While the letter pointedly claims that Regeneron has the two highest paid executives in the pharmaceutical industry, it ignores the total cost of developing a new product, which can be upwards of $2 billion, and the limited demand for a coronavirus treatment after an outbreak has been resolved.
Funding the response
Another concern that’s fueling political rhetoric on Capitol Hill is the Trump administration’s funding request for responding to COVID-19. In the early days of the outbreak, which were just a few weeks ago, HHS requested the authority to shift up to $136 million from other departmental funds to respond to the developing health emergency. But many in Congress wanted the administration to replenish and use the Public Health Emergency Fund, which was depleted eight years ago after two decades of Congress refusing to put any more money into it.
To date, several federal agencies have contributed significant resources and personnel to support the domestic and international response to the outbreak, using their existing funding. But given the spread of the coronavirus and how much is still unknown about it and the disease it causes, the administration officially asked Congress Monday to appropriate $1.25 billion to the Public Health and Social Services Emergency Fund at HHS to continue supporting critical response and preparedness activities.

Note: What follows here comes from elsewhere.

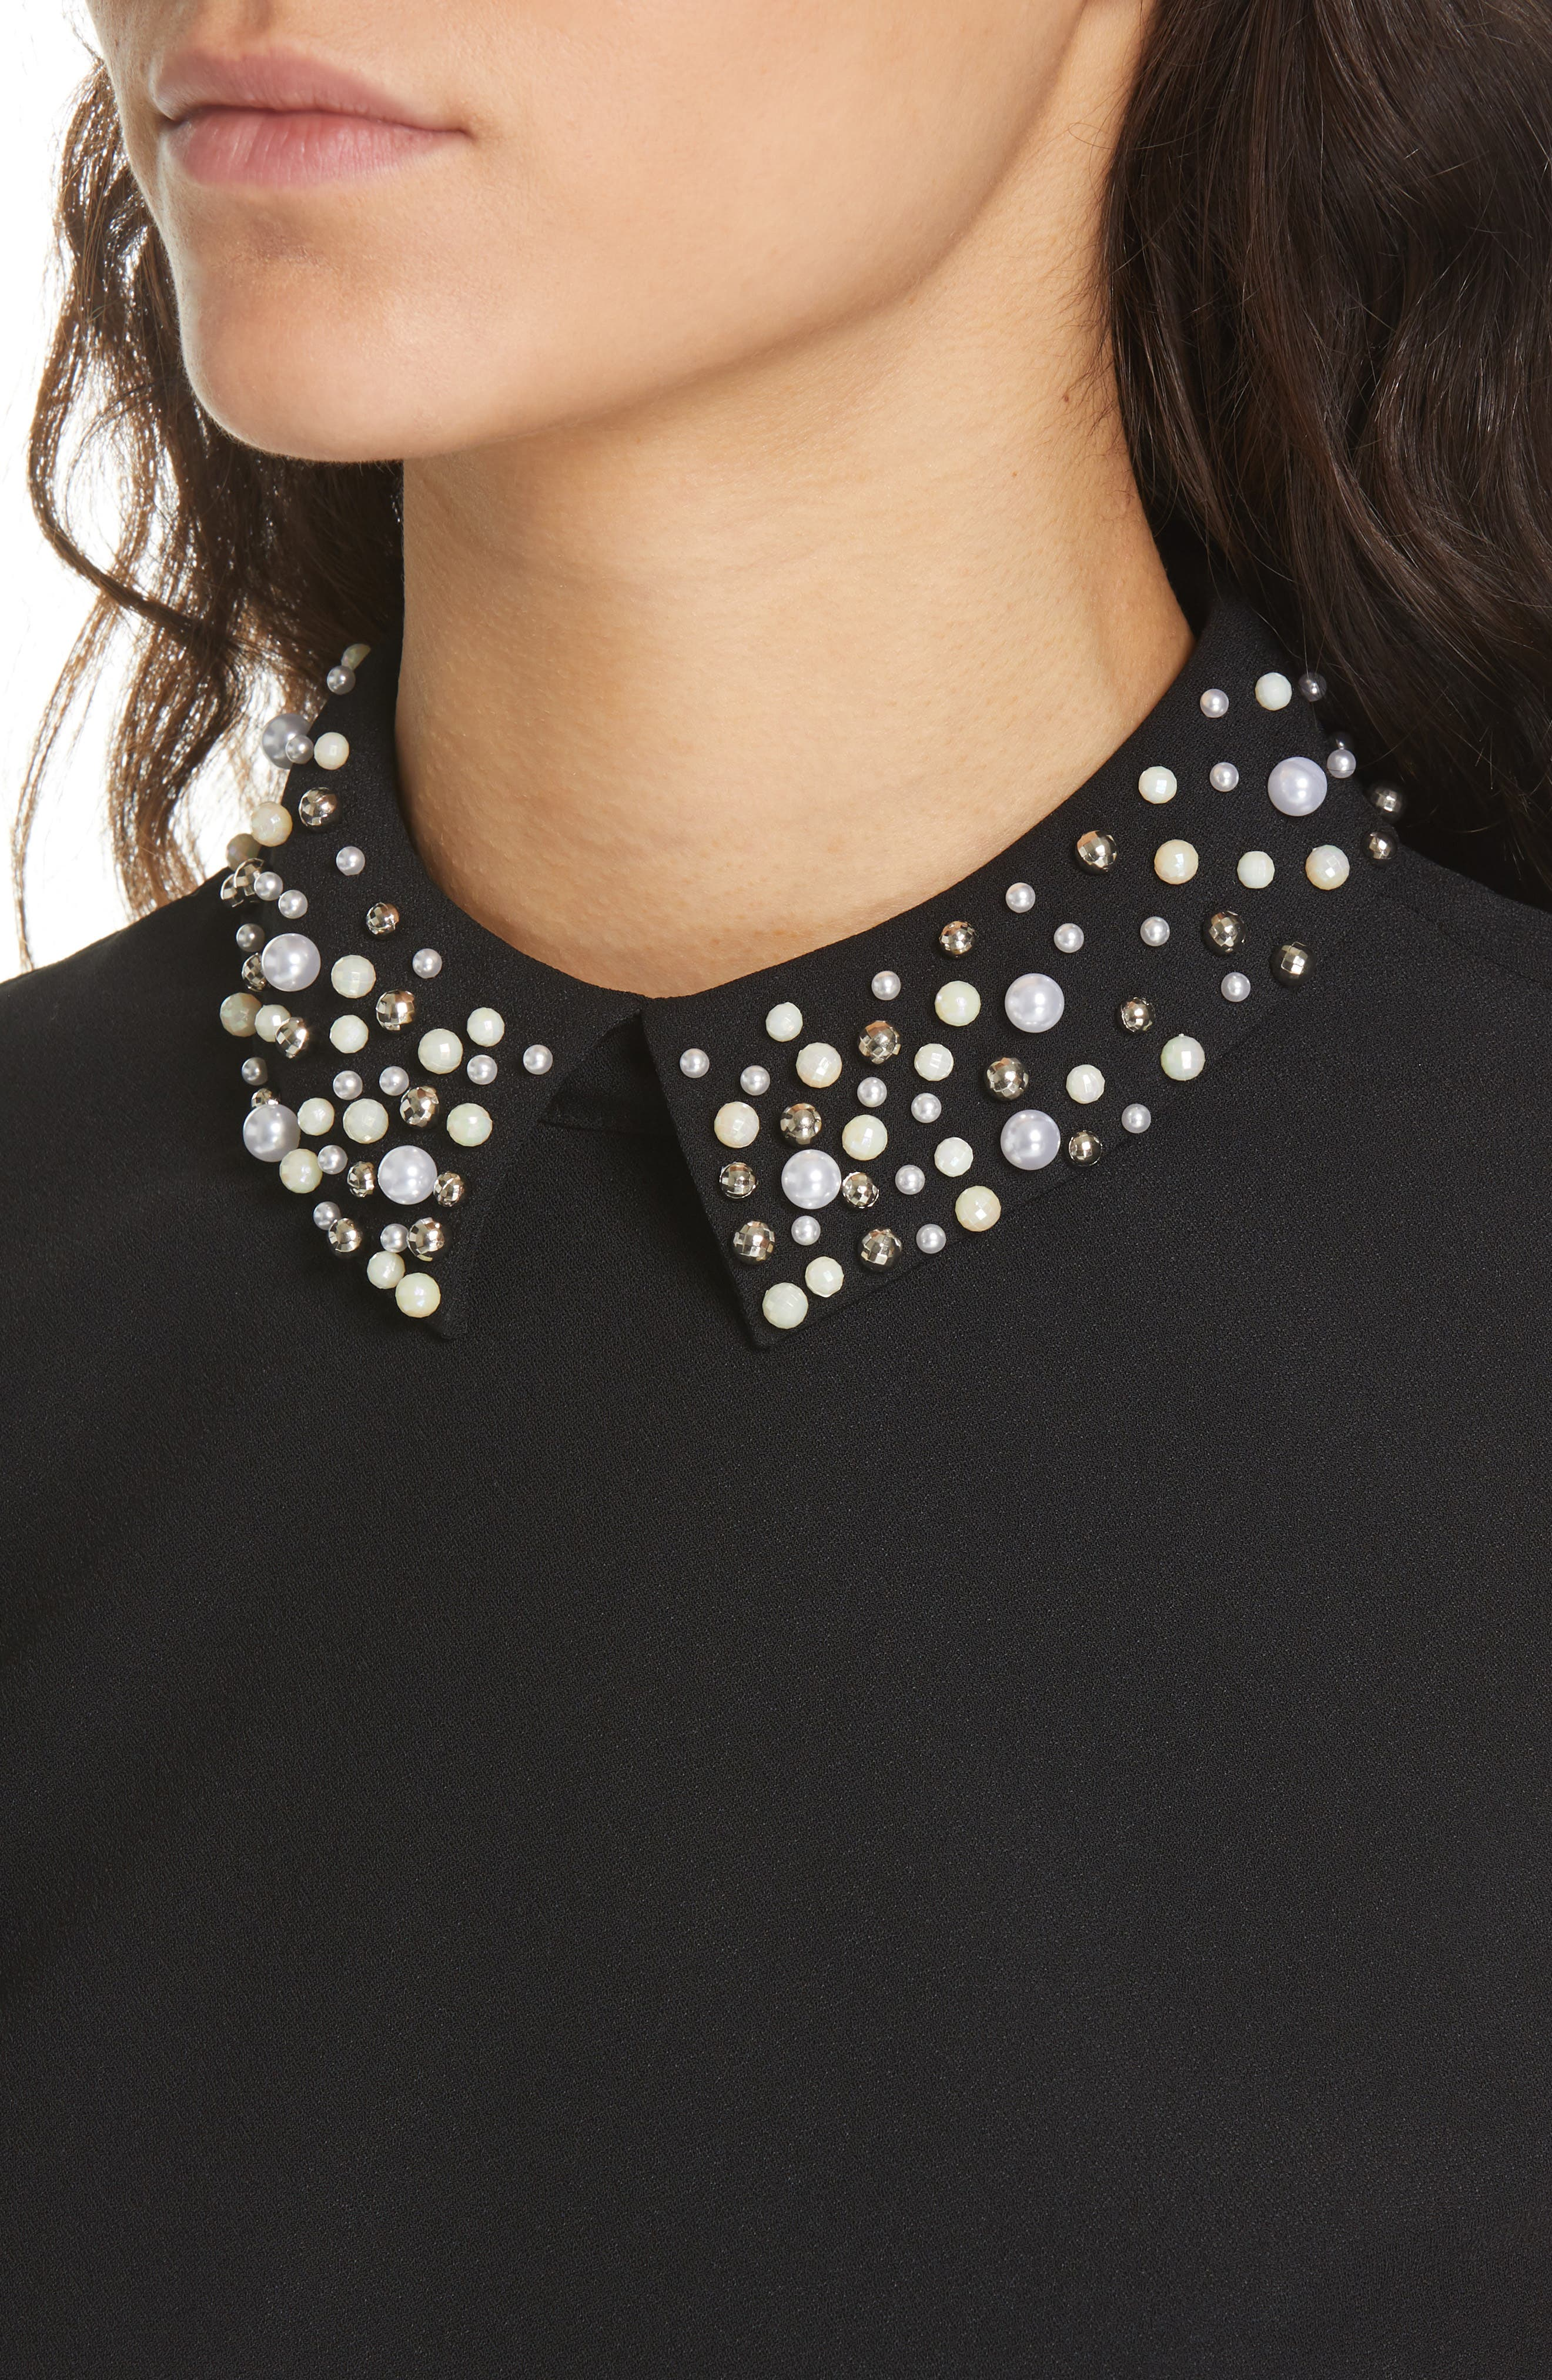 Jaylen Embellished Collar Top,                             Alternate thumbnail 4, color,                             BLACK

“Federal resources are necessary to take steps to prepare for a potential worsening of the situation in the United States,” the White House Office of Management and Budget (OMB) said in the request. Altogether, the administration expects to allocate at least $2.5 billion in response to COVID-19. The additional funding would come from transferring existing funds, including $535 million in emergency supplemental funding set aside for Ebola.
The administration said the funding would support all aspects of the U.S. response, including public health preparedness and response efforts; public health surveillance, epidemiology, laboratory testing and quarantining costs; advanced R&D of new vaccines, therapeutics and diagnostics; advanced manufacturing enhancements; and the Strategic National Stockpile. Funds also would be made available, as necessary, to states that are part of the current national response, OMB said in its request.